*GOAL OF THE EXERCISE*.
Using the data below, return the stretch from the line that contains "Digital copy of" through the line that contains "We recently dropped", both included, exactly as it stands and nothing beyond it.

*DATA FOR ANALYSIS*.
- Opening Delimiter -

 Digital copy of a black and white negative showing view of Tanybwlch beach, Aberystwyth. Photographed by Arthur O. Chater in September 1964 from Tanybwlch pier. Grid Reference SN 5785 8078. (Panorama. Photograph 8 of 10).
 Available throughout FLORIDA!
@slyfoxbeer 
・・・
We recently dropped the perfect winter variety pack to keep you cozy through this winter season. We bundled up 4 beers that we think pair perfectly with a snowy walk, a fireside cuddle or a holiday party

- Closing Delimiter -
- Opening Delimiter -

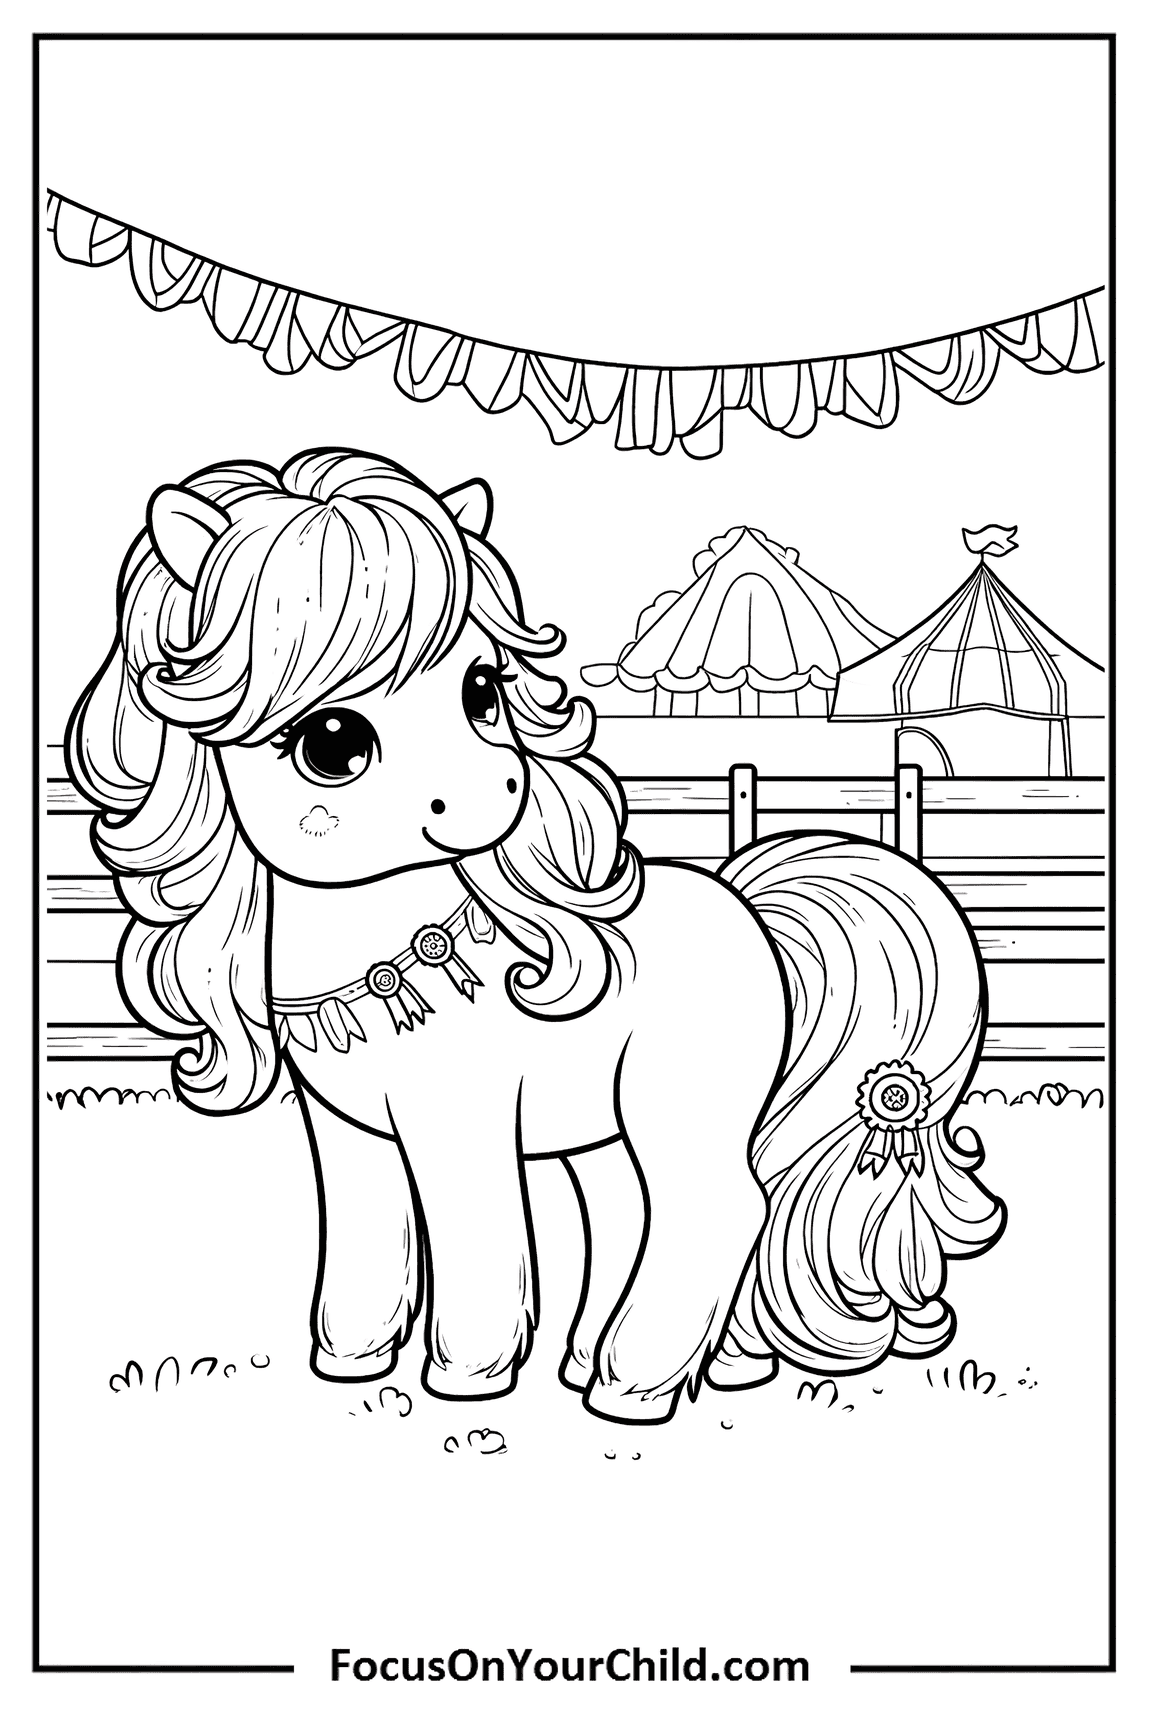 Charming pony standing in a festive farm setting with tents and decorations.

- Closing Delimiter -
- Opening Delimiter -

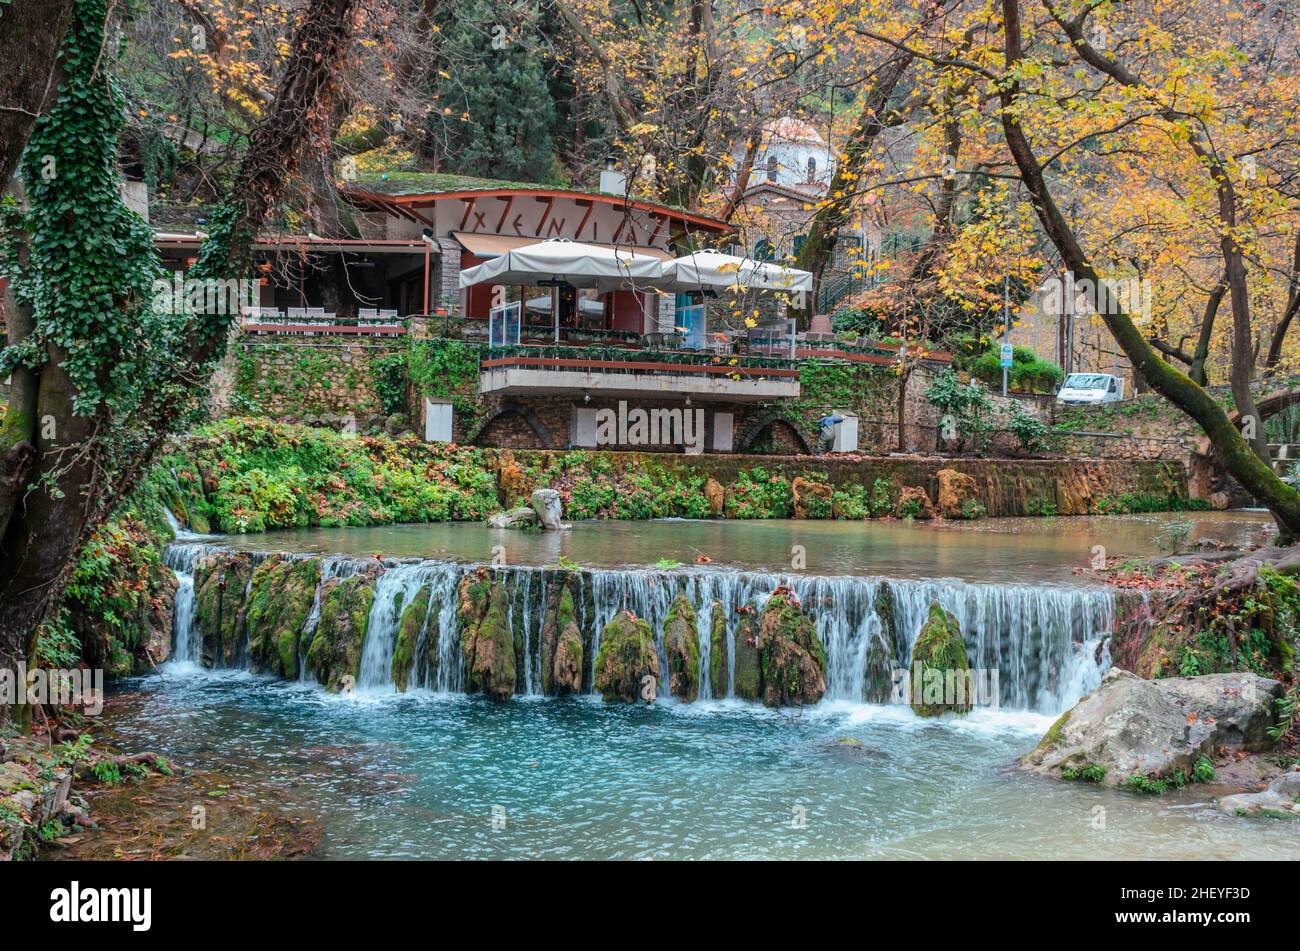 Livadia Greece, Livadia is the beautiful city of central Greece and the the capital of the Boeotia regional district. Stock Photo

- Closing Delimiter -

*RESULT OF THIS TASK*.
 Digital copy of a black and white negative showing view of Tanybwlch beach, Aberystwyth. Photographed by Arthur O. Chater in September 1964 from Tanybwlch pier. Grid Reference SN 5785 8078. (Panorama. Photograph 8 of 10).
 Available throughout FLORIDA!
@slyfoxbeer 
・・・
We recently dropped the perfect winter variety pack to keep you cozy through this winter season. We bundled up 4 beers that we think pair perfectly with a snowy walk, a fireside cuddle or a holiday party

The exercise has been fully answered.